Grief Can Be Deep When Pets Die; How To Cope
Getting a cat was my wife's idea, back in July 2000, when she was my girlfriend. I'd never had a pet before and wasn't comfortable around animals, but Jill loves them. And I love her.
We found ourselves at the shelter, looking through pens at the animals hoping to find a home. One cage had a mother cat surrounded by a brood of kittens, all of them tabbies, like her — except for one. This was a little gray guy, Siamese-looking. He climbed up the side of the cage, desperate for our attention.
Soon he was scratching up my arm and sprawling across my shoulders as Jill filled out the paperwork. In the car, we wrapped him in a jacket, and Jill pointed out his wide blue eyes. Let's call him Sinatra, she said.
The Humane Society of the United States estimates that 6 million to 8 million animals enter shelters each year, and only half are later adopted into homes.
The ones that are adopted have a much different role in American families than they did in earlier times.

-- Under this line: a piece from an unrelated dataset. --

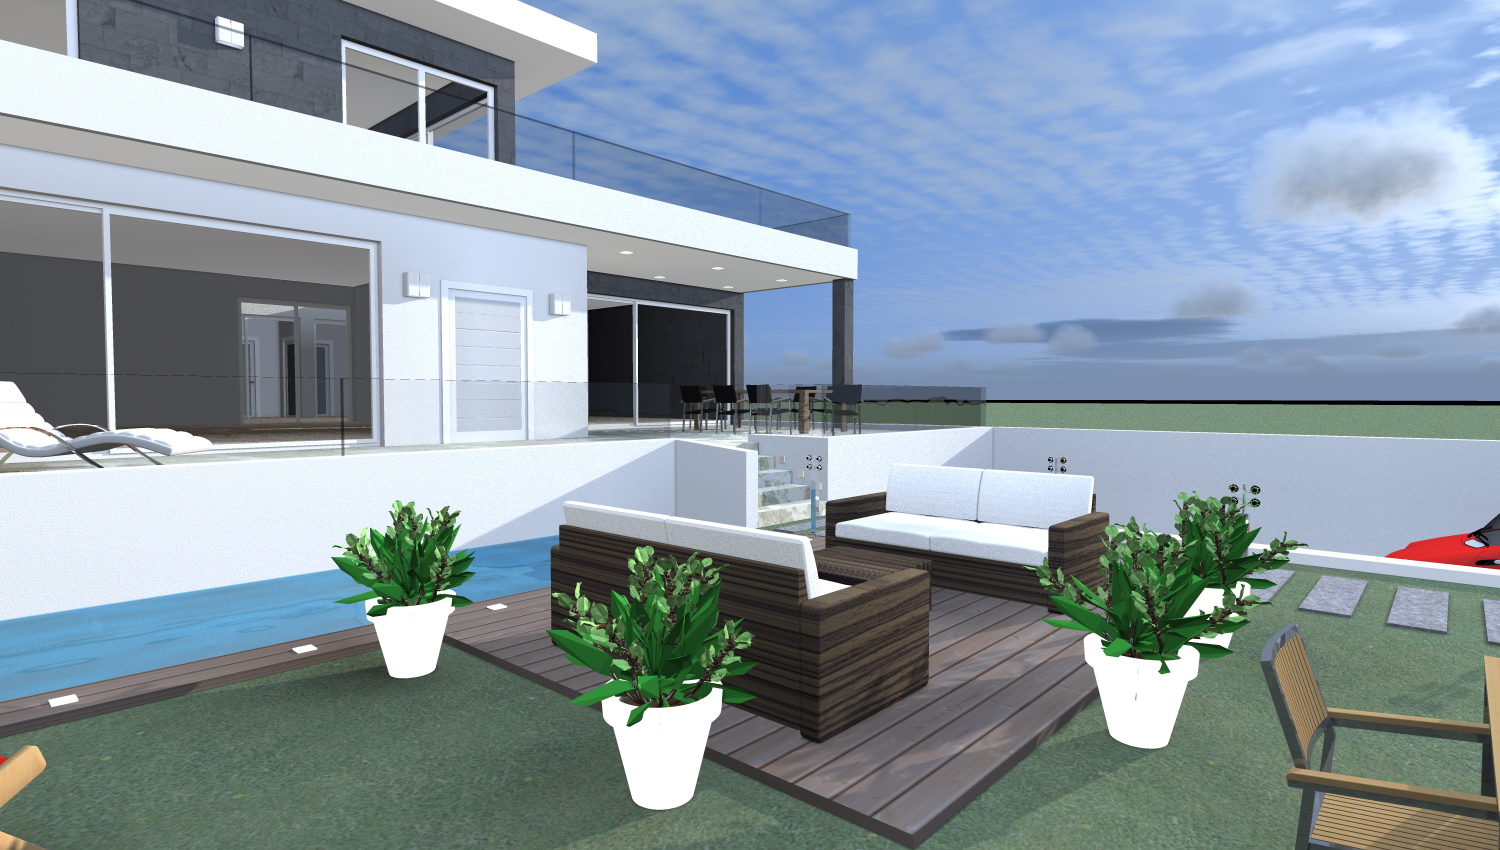 Esempi di progetti 3d di costruzione architettiamo for Casa moderna colori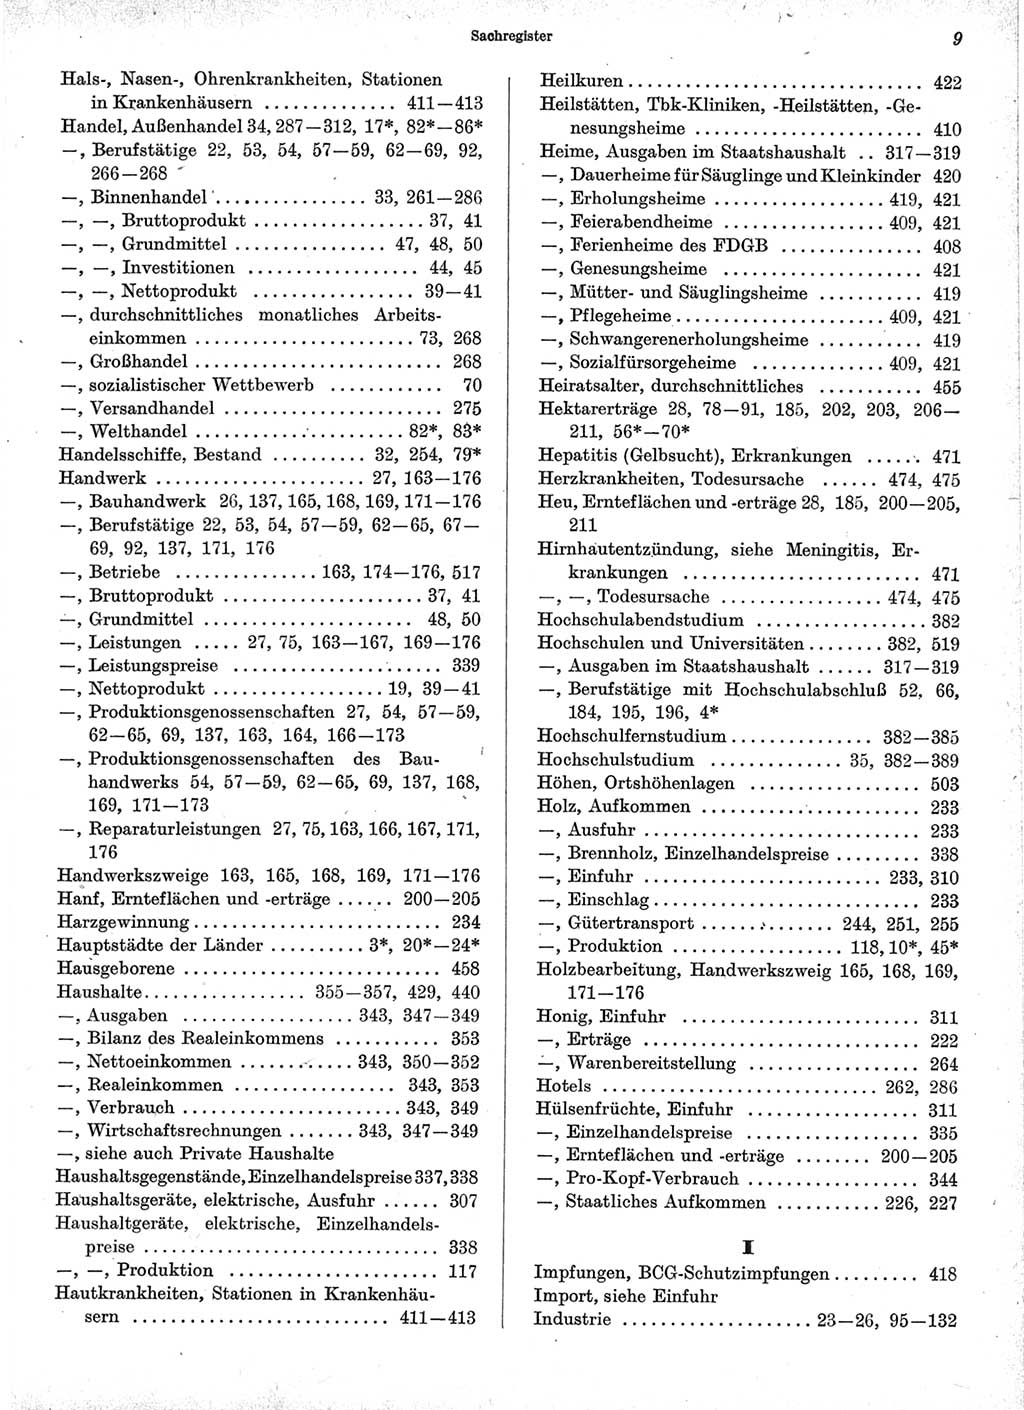 Statistisches Jahrbuch der Deutschen Demokratischen Republik (DDR) 1971, Seite 9 (Stat. Jb. DDR 1971, S. 9)

"Pets these days, much more than 30 or 40 years ago, are so integrated into every aspect of our lives. They're always with us," says Adam Goldfarb, director of the group's pets-at-risk program. "Since they're mostly companions these days, we view them as friends and family members. Pets don't have a job other than to be there with us."
That also means the grief over a lost pet is deeper than before, he says. "There's a void, a vacuum. You're still doing the same stuff, but somehow it's a bit empty."